Más allá de las diversas historias de los personajes que se dan cita en un café de Santiago, entrelazando ese confluir de vidas, destaca por cierto la de los protagonistas: Gregoria, una vieja actriz, y Guillermo, un escritor también mayor que ha obtenido un tardío éxito como biógrafo de un célebre narrador chileno. Ellos son amigos desde antiguo y han llegado allí después de una de las marchas que conocemos, con encapuchados, policías, persecuciones y lacrimógenas. En su diálogo, se muestran facetas del Chile actual, desde el humor a la crítica incisiva y hasta dolorosa. Otros mundos convergen: el de una pareja de “millennials”, sumidos en su propia realidad virtual, en sus celulares, incomunicados o comunicados a su manera en un rincón de las mesas del café, desde donde se puede observar o no lo que ocurre afuera de él, las marchas, las protestas. El mozo del local, en sus amores con la dueña de este. O dos gais con un prostituto que ha llegado también allí, incorporándose después la pareja hetero de este. Algo anda mal, o mucho, tanto en el café como en la calle. Allí y en el país que es Chile, pero que bien podría ser otro lugar del mundo, donde la corrupción, la incomunicación, el comercio de los afectos, la soledad profunda de los seres, el paso y peso de los años, el anhelo de amar y ser amado, existan.

Gregoria y Guillermo dialogan, como amigos, aunque quizás subyace en esa relación algo más que la amistad, tal vez la soledad de ambos, antiguas complicidades, jornadas compartidas en otro tiempo. Él espera, no obstante, a Annette, su amor platónico, conocido a través de internet. Sus diálogos nos llevan desde la risa a la reflexión, a la risa por el análisis de la realidad desde la comedia, pero uno siente como espectador que hay mucho más que el humor incisivo, crítico, de ese género. Gregoria y Guillermo tienen el signo de los solitarios, de los años que se han venido encima, arrolladores y definitivos, y esto lo refrenda la aparición de Annette, la enamorada virtual, mucho más joven que Guillermo, ante la cual Gregoria (Anita Reeves) despliega toda su artillería, su ironía, quién sabe si, inconscientemente, ve en aquella a su rival.

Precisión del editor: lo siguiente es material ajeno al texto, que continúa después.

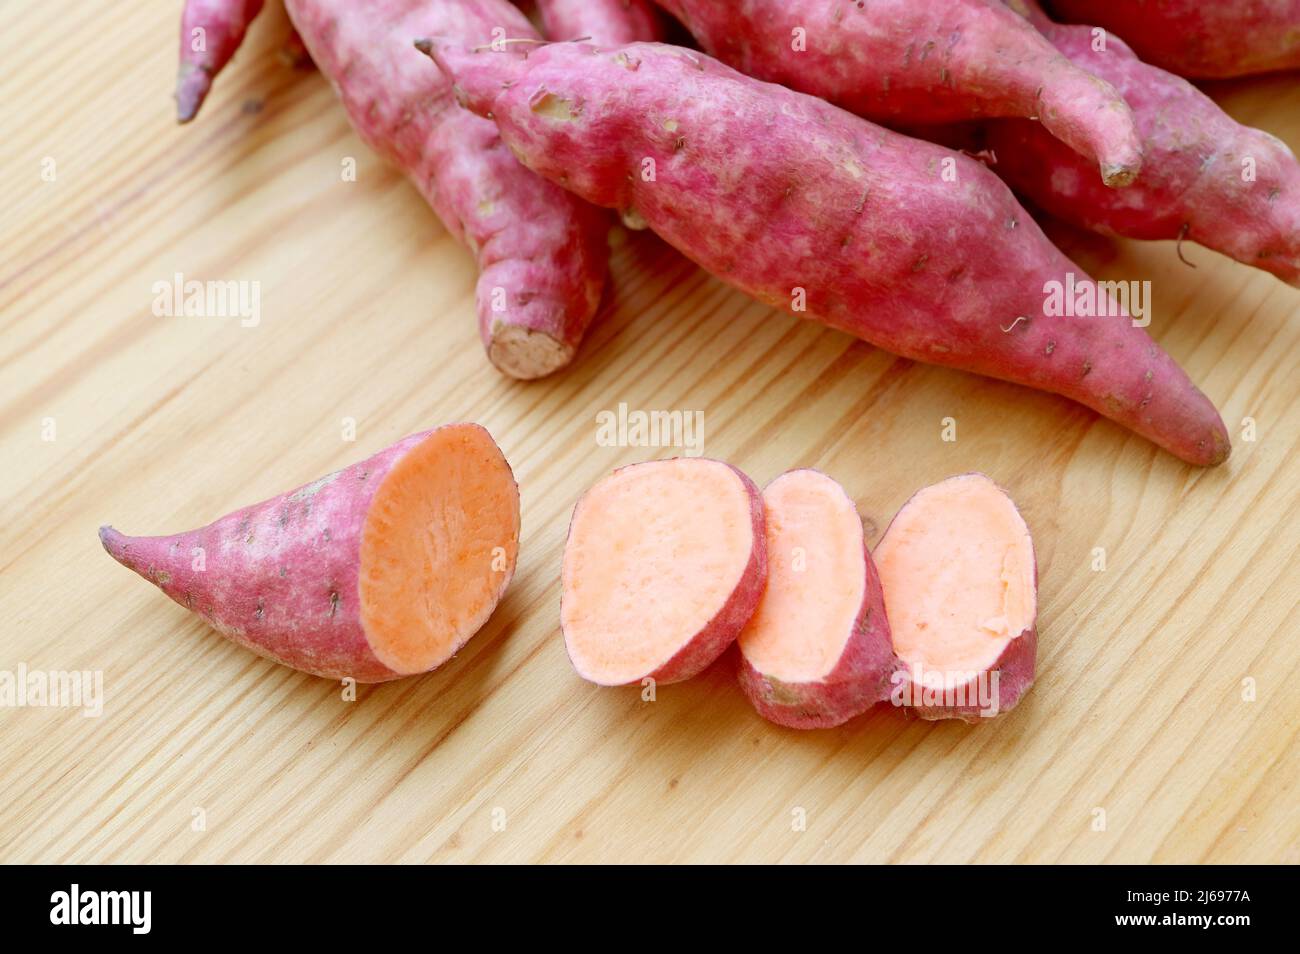 Closeup of Cut Raw Sweet Potato Showing Its Pale Orange Flesh Stock Photo
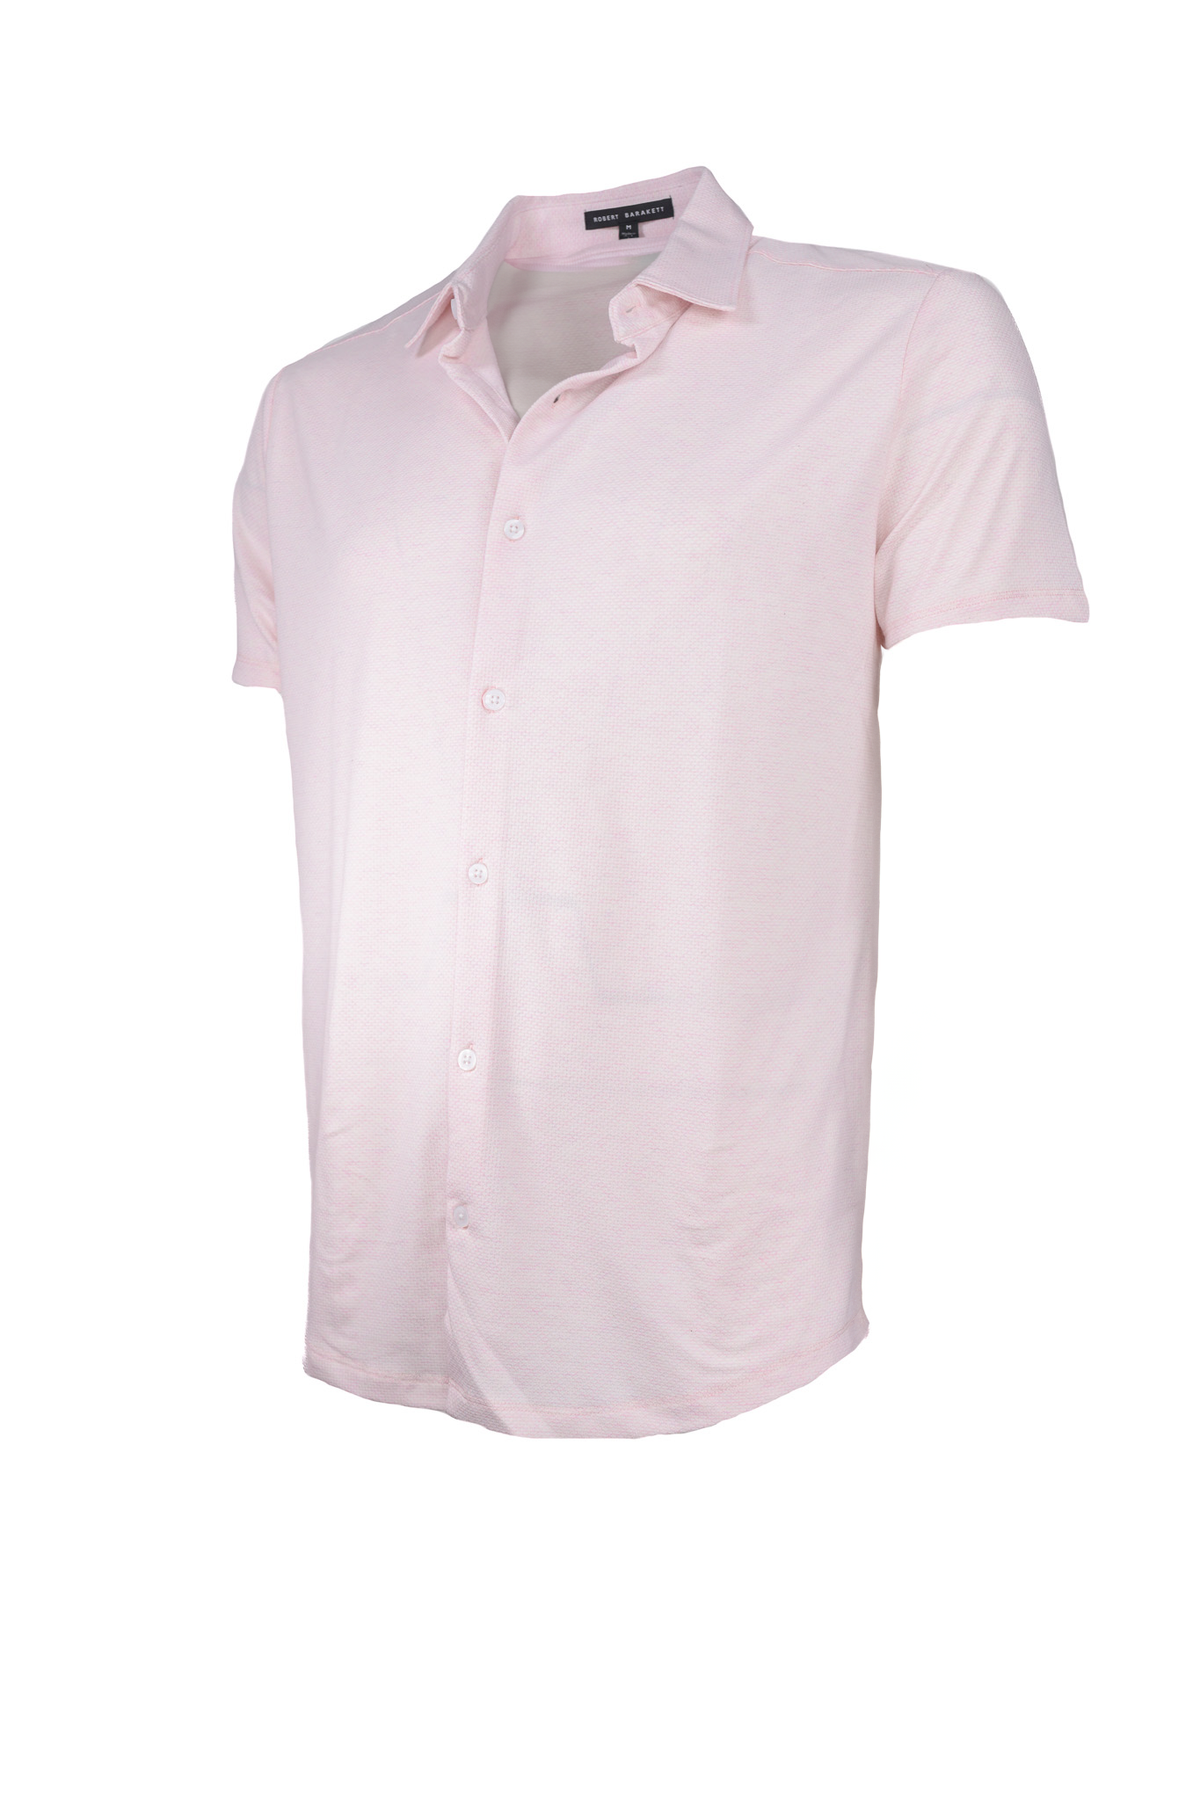 Robert Barakett Knit Keyes Shirt Pink

Mención aparte entre los méritos de esta obra, es la escenografía, con ambientes delicados, semitransparentes, que permiten ver detrás de los muros de la cafetería y saber lo que ocurre en su interior, y proyecciones de marchas, de lo que acontece afuera del café. Bello. También el vestuario, específicamente el rosado, el sombrero y las perlas de Gregoria, el de Annette, el aspecto visual, la iluminación. El lenguaje no verbal.

Más allá, dijimos, de las diversas historias que confluyen en esa cafetería, es un lujo ver en escena ‒considerando las buenas actuaciones de todo el elenco, bajo la notable dirección de Alejandro Goic‒ a dos maestros del teatro nacional: Anita Reeves, a quien habíamos visto hace unos meses en “Mi hijo solo camina un poco más lento” en el Teatro Mori Bellavista, y a Alejandro Sieveking, en una obra que, pienso, hunde sus raíces en lo más profundo de su historia y experiencia como dramaturgo y actor. Una hermosa y conmovedora obra la que he visto en el Teatro UC ‒parte de la trilogía que comienza con “Todo pasajero debe descender” (2012), y cuya última parte aún se halla en proceso‒; un privilegio presenciar en escena a los actores mencionados en una pieza bellamente humana, entre lo cómico y lo, sutilmente, trágico. Un mirar la vida y el país desde dos amigos de hace más de cincuenta años, esto es, desde cerca de la cima ‒y final‒ la vida propia y la de los otros. La mía y la de Chile. Ese café, como un mirador privilegiado desde donde se observa la realidad y donde el espectador, a su vez, puede ver las luces y sombras de los que por allí pasan.